WHAT YOU HAVE TO DO: There should be no pictures in your answer, only an exact copy of the lines from the one with "高品質なギフトセット!本格焼" through the end of the material.

INPUT DATA:
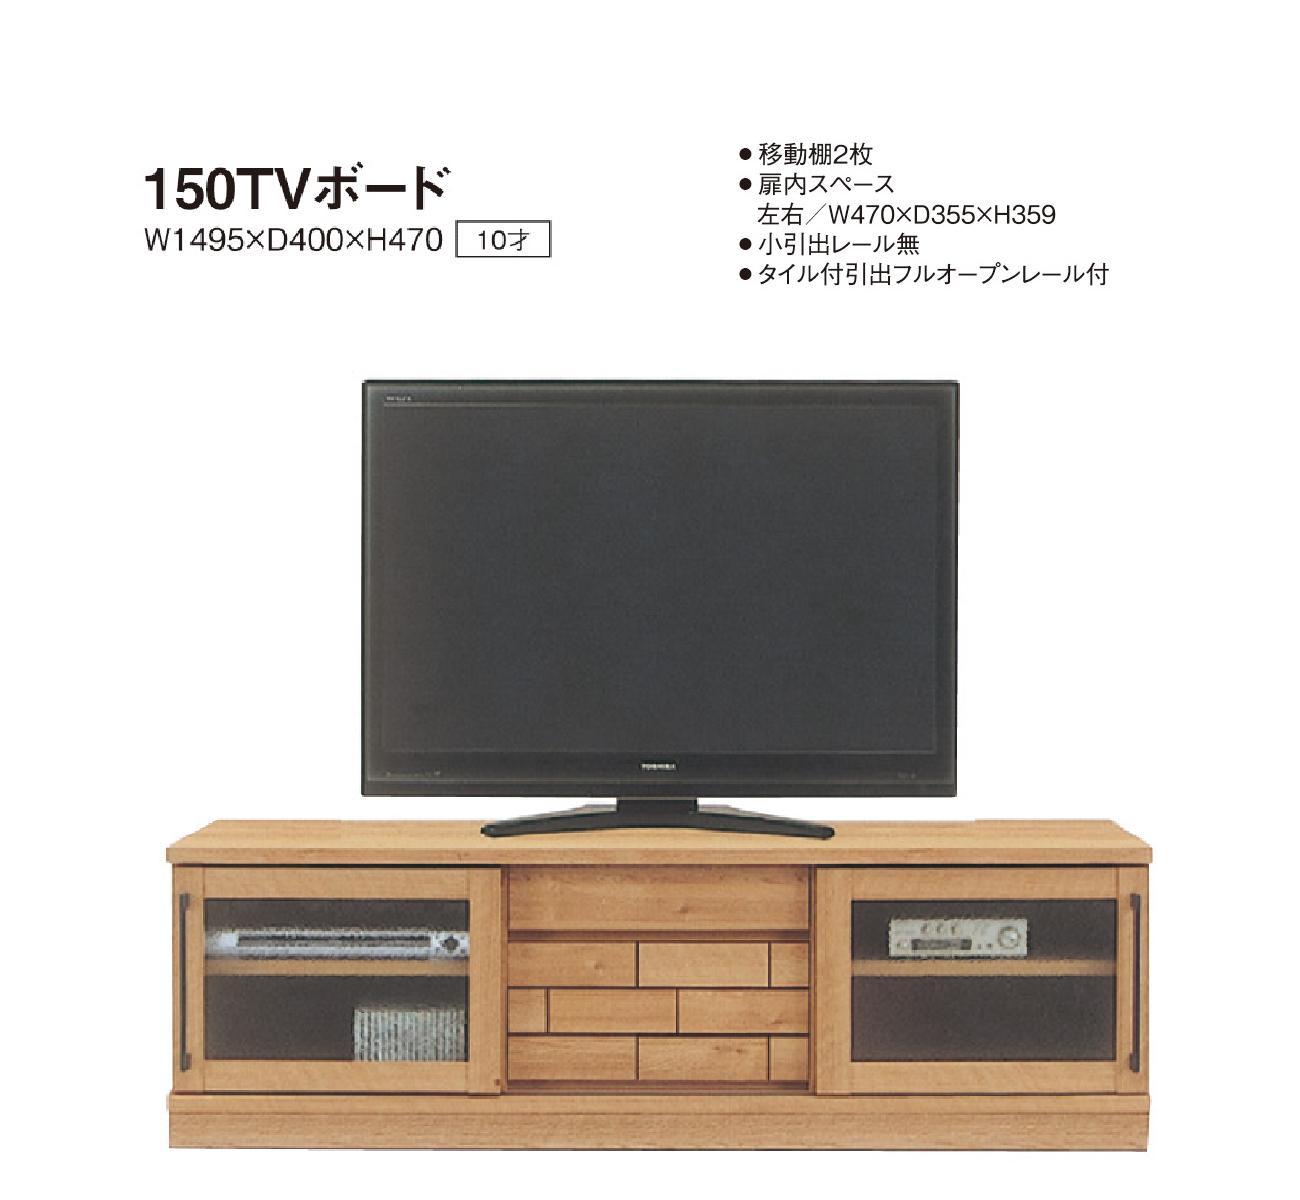 【送料無料】150 TVボード ダッグ テレビボード  テレビ TV 収納 コンパクト 54型 67型 まで 大容量 木目 おしゃれ 完成品 引き出し  家具 通販 大川 日本製【国産家具】
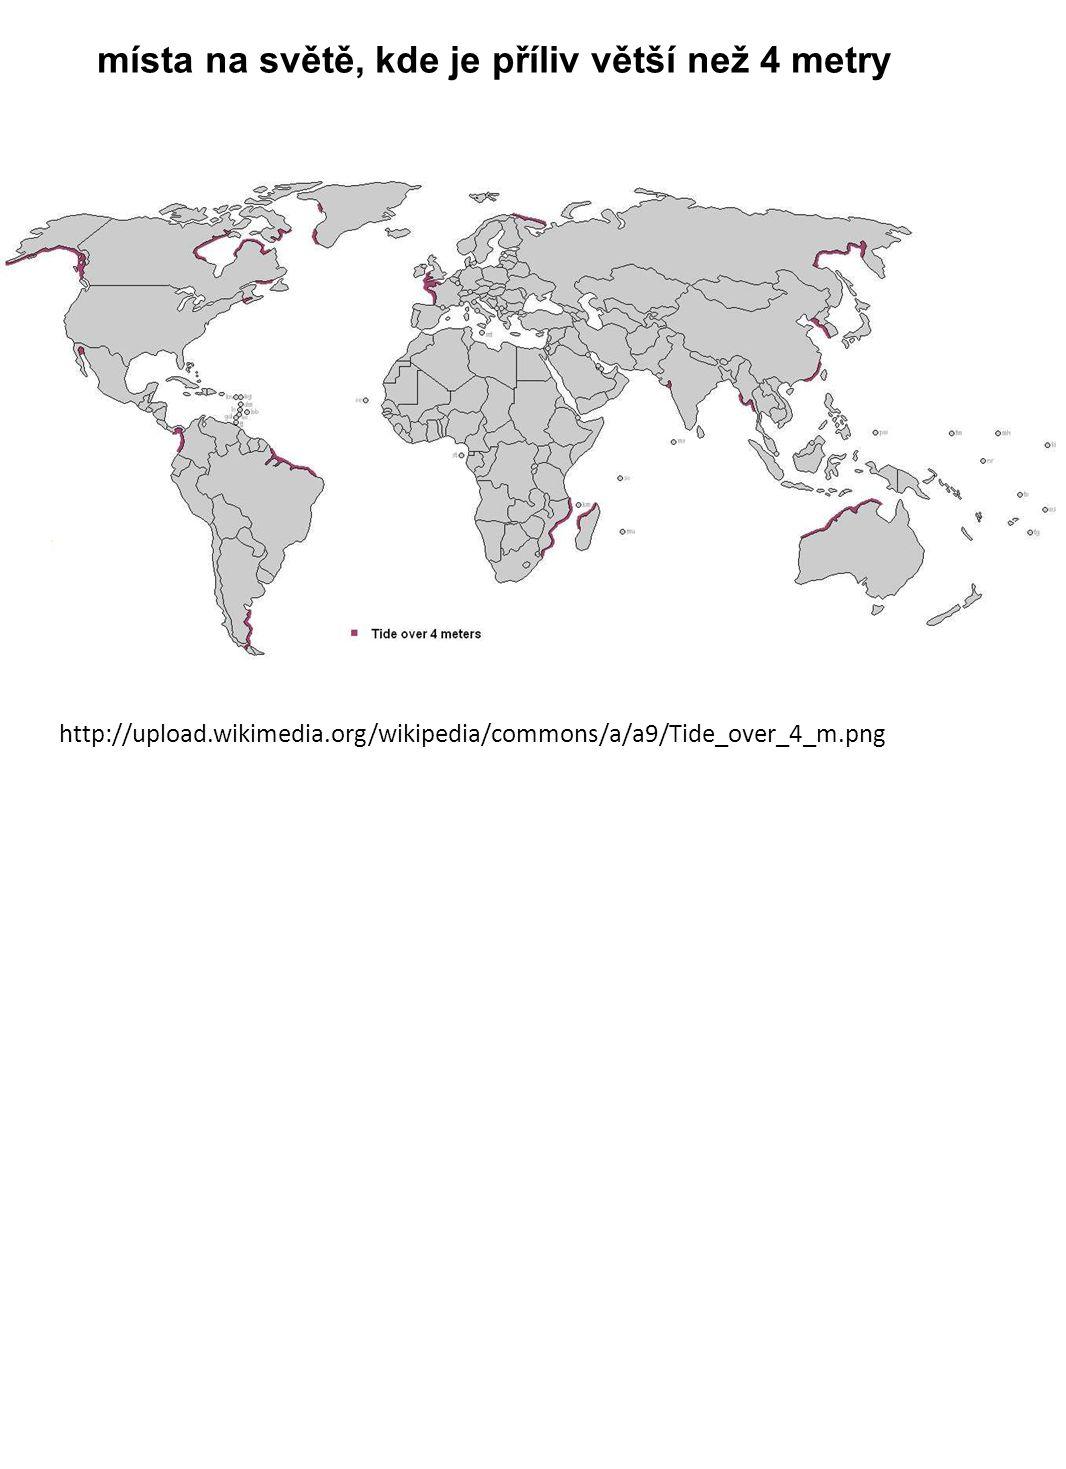 místa na světě, kde je příliv větší než 4 metry
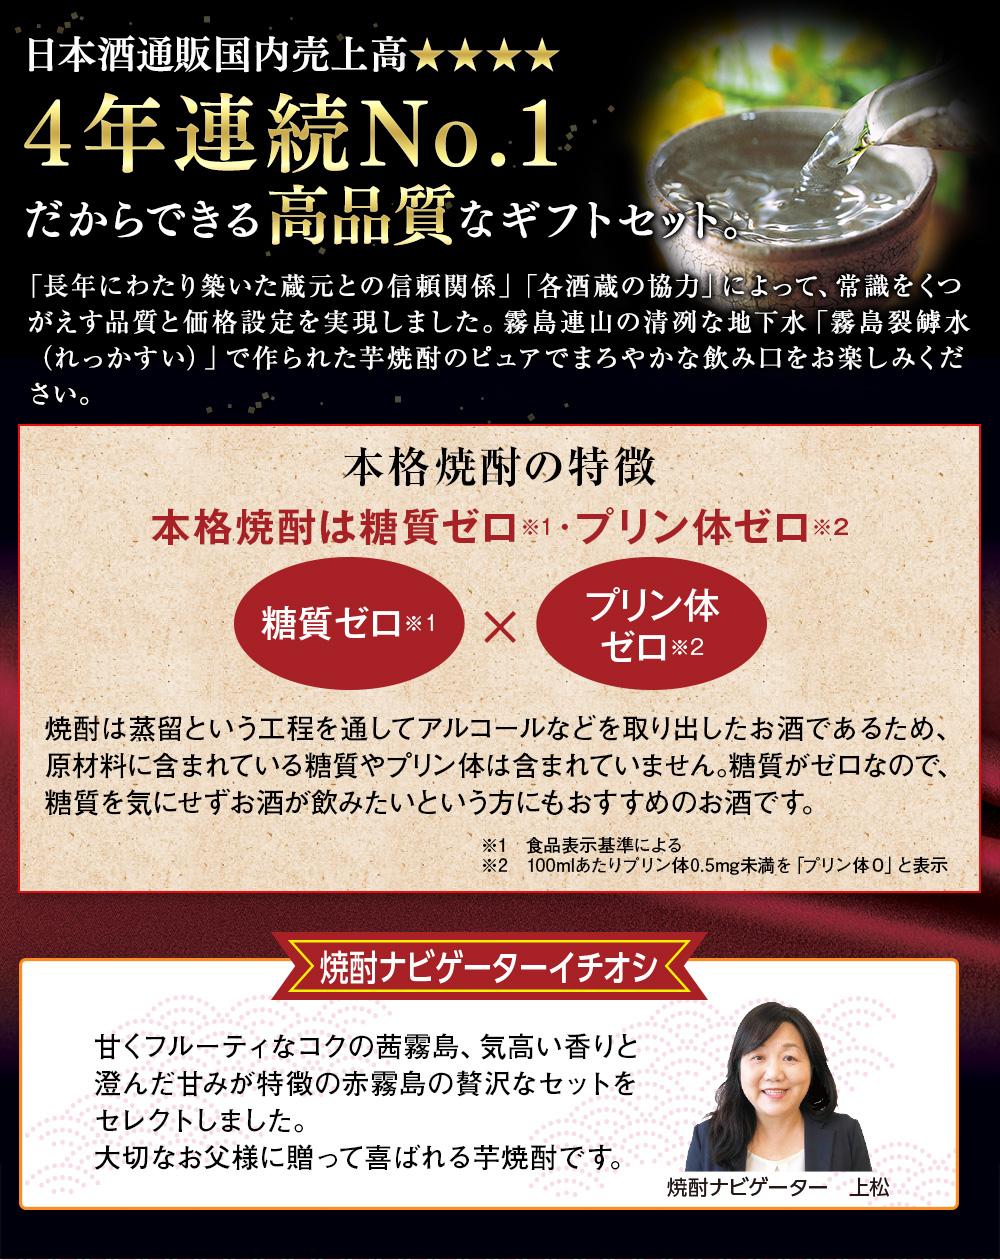 高品質なギフトセット!本格焼酎は糖質ゼロ!プリン体ゼロ!大切なお父様に贈って喜ばれる芋焼酎です。
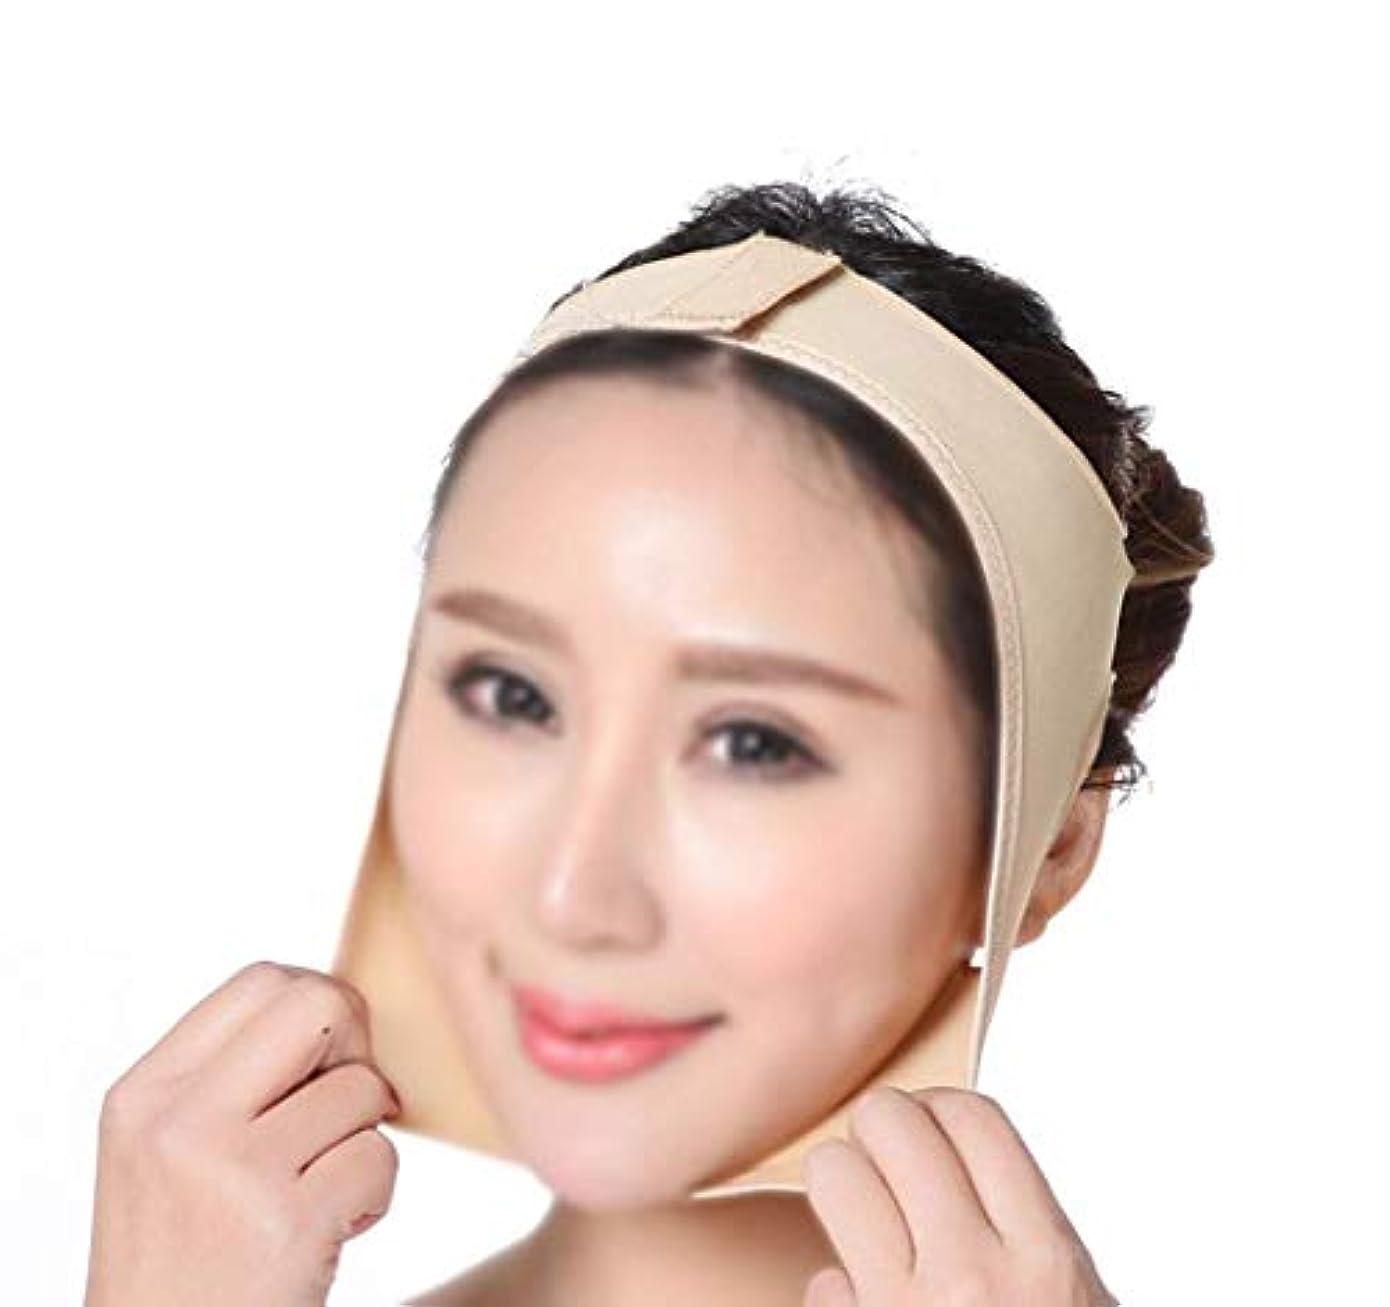 ファーミングフェイスマスク、通気性フェイスバンデージVフェイスデバイススリープ薄型フェイスマスクフェイスマッサージ器具フェイスリフティングフェイスリフティングツール(サイズ:Xl),XXL

SOLVED PROBLEM:
 高品質なギフトセット!本格焼酎は糖質ゼロ!プリン体ゼロ!大切なお父様に贈って喜ばれる芋焼酎です。
 ファーミングフェイスマスク、通気性フェイスバンデージVフェイスデバイススリープ薄型フェイスマスクフェイスマッサージ器具フェイスリフティングフェイスリフティングツール(サイズ:Xl),XXL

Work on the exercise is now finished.